- GIVEN INFORMATION -

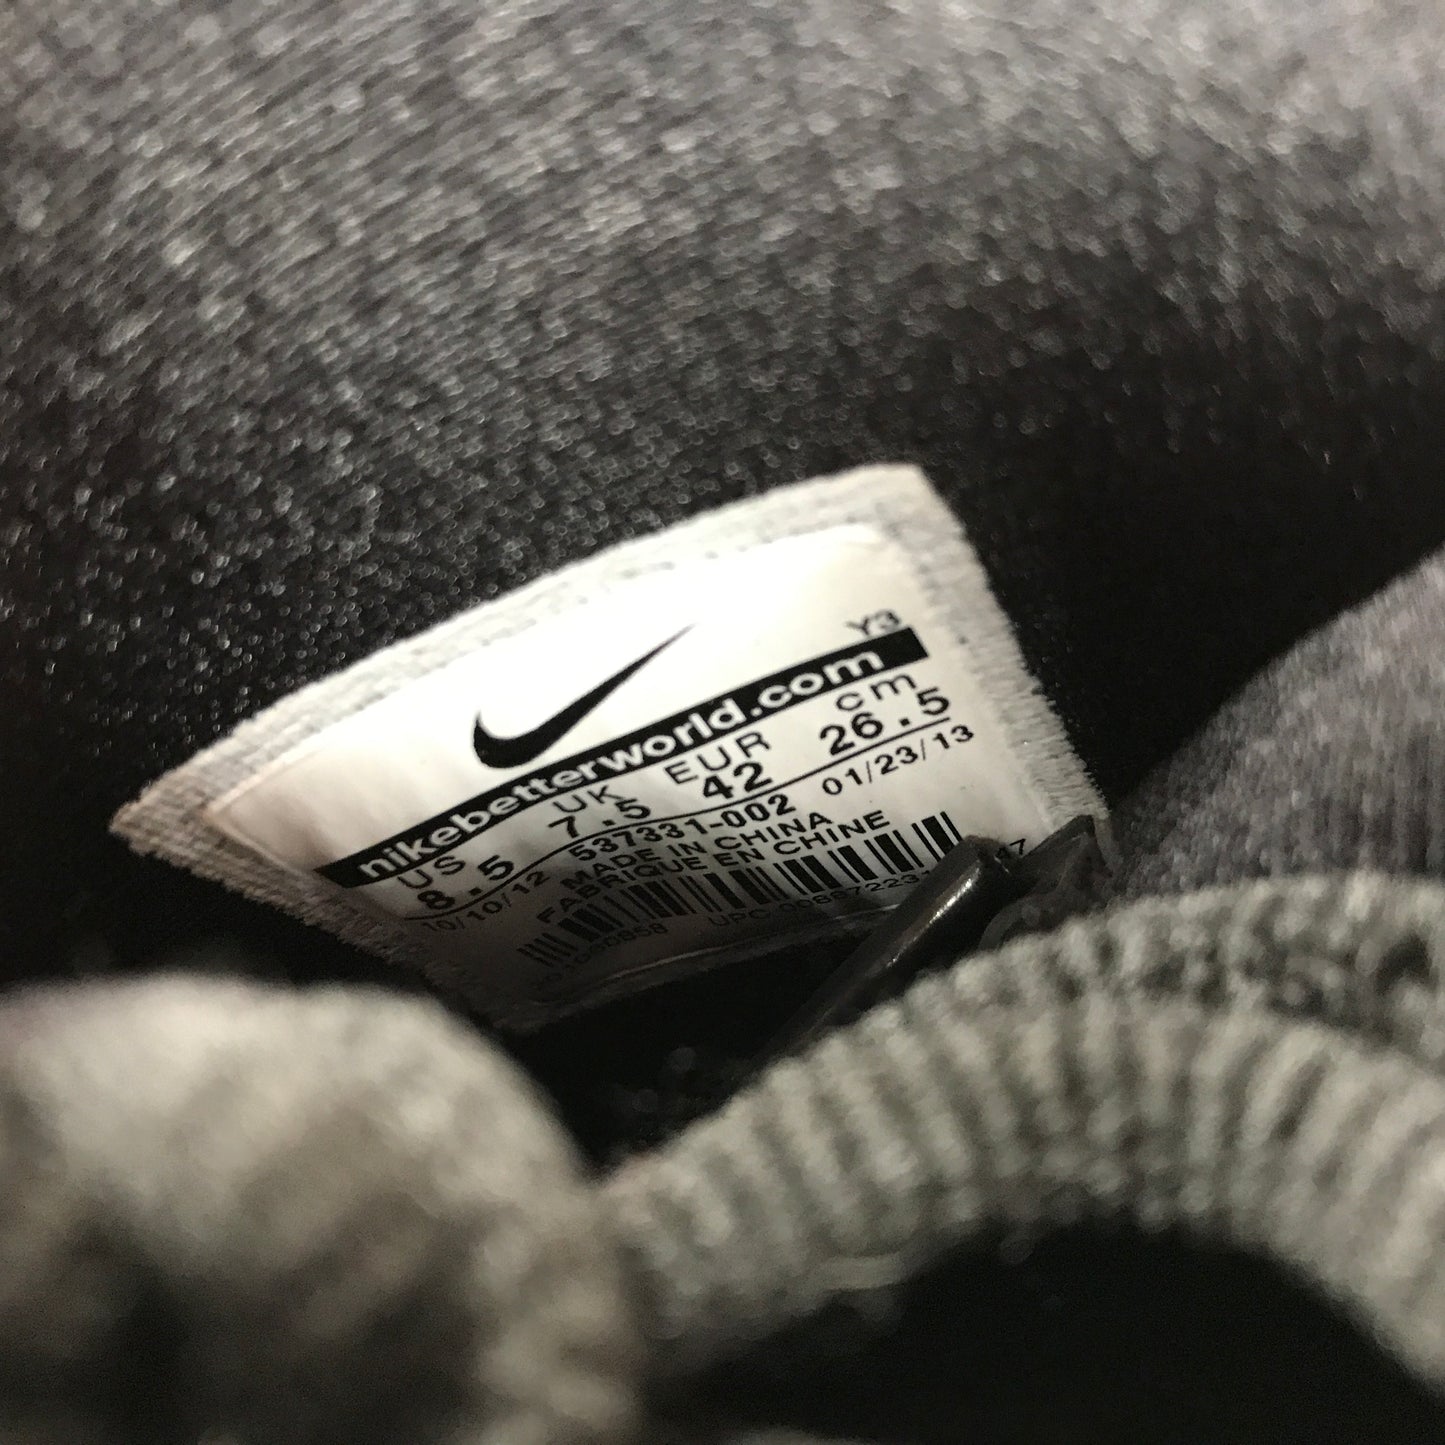 DS Nike Air Penny 5 V Capa de invisibilidad Talla 8.5
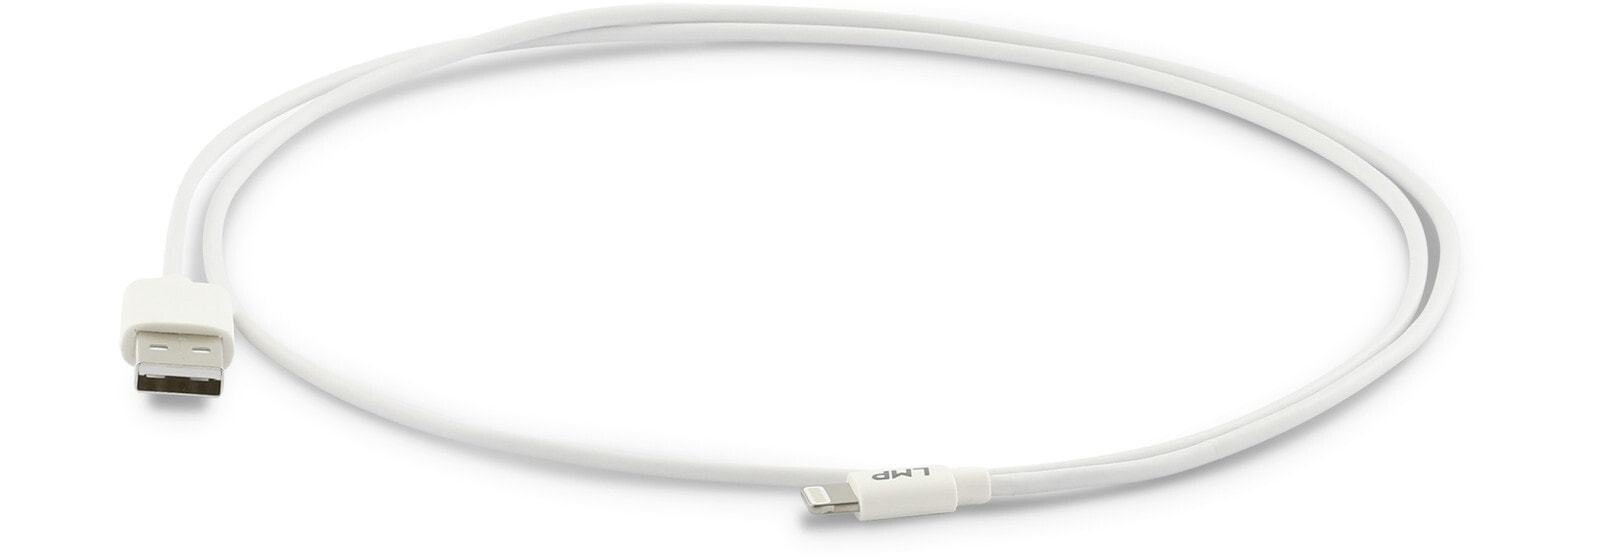 LMP 11760. Длина кабеля: 0,5 м, Разъем 1: Молния, Разъем 2: USB A. Количество в упаковке: 1 шт., Тип упаковки: Полиэтиленовый пакет
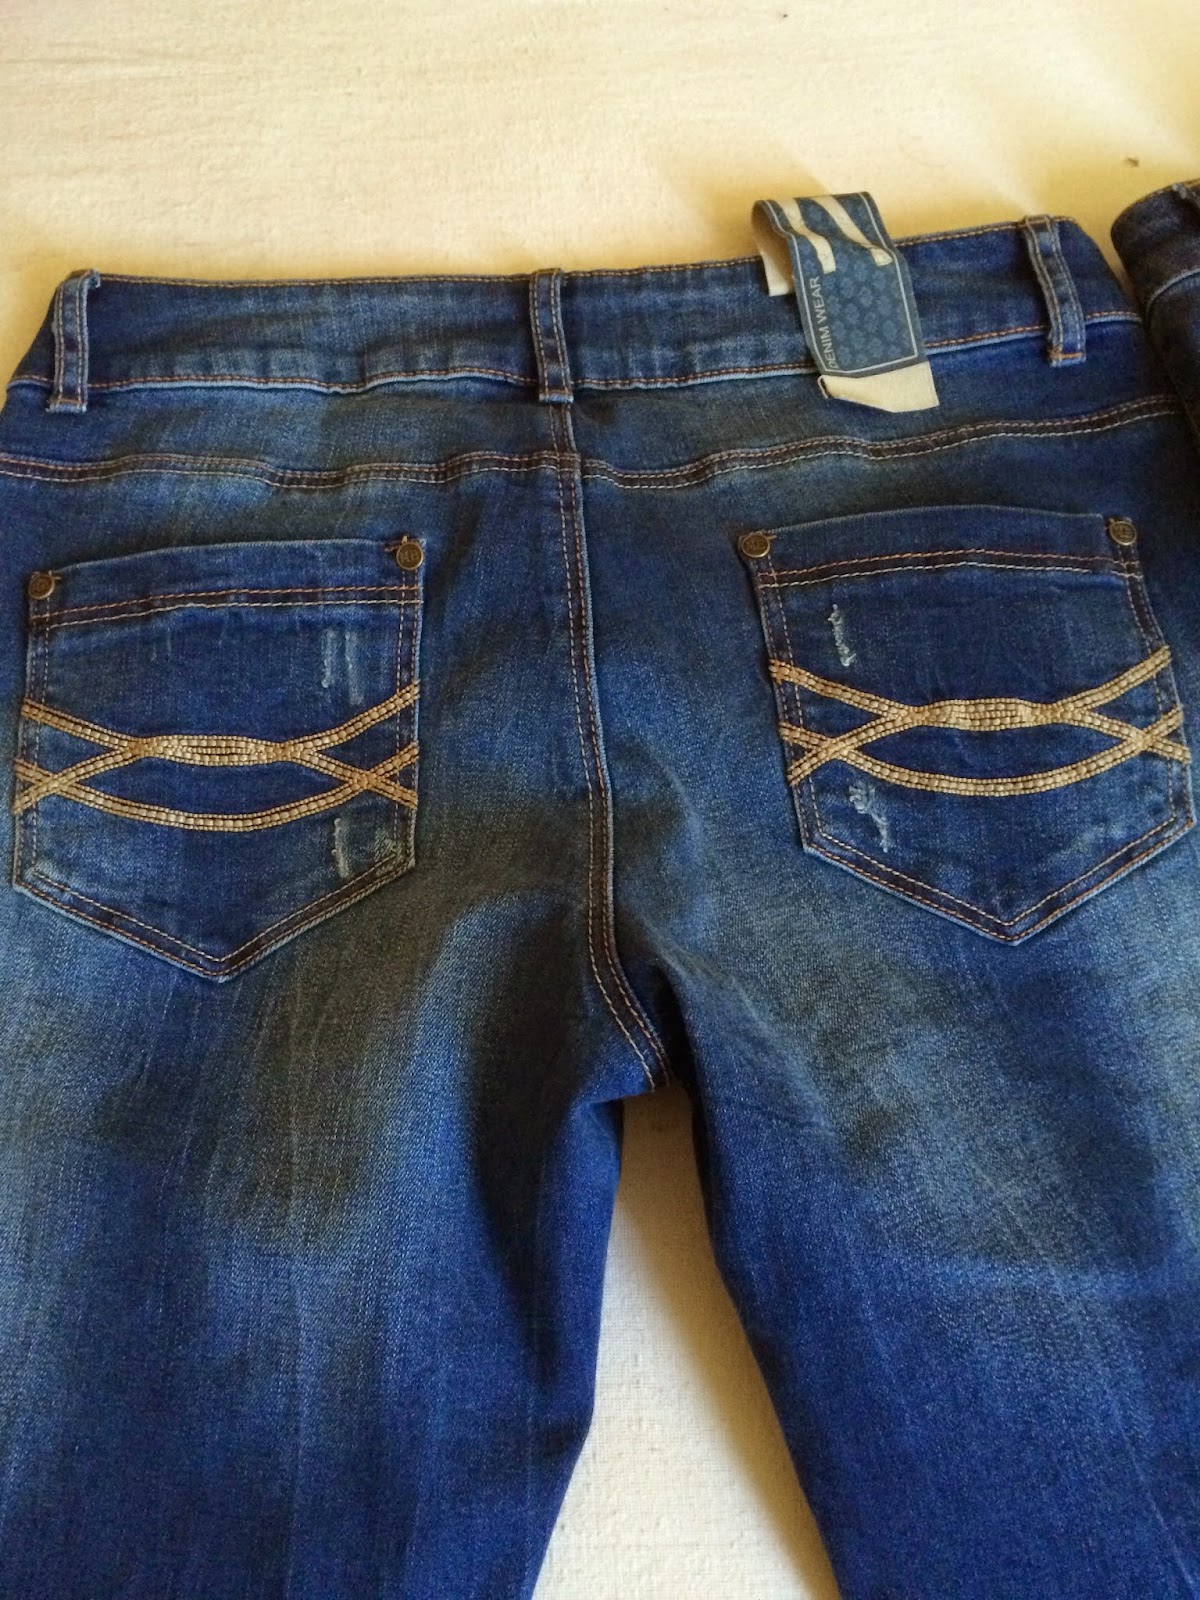 *Werbung* Shoptest Jeans Fritz 7

- WHAT NEEDS TO BE DONE -
Print the data above in full and exactly as it appears, skipping the pictures.

- SOLUTION TO THIS EXERCISE -
 DS Nike Air Penny 5 V Capa de invisibilidad Talla 8.5
 LMP 11760. Длина кабеля: 0,5 м, Разъем 1: Молния, Разъем 2: USB A. Количество в упаковке: 1 шт., Тип упаковки: Полиэтиленовый пакет
 *Werbung* Shoptest Jeans Fritz 7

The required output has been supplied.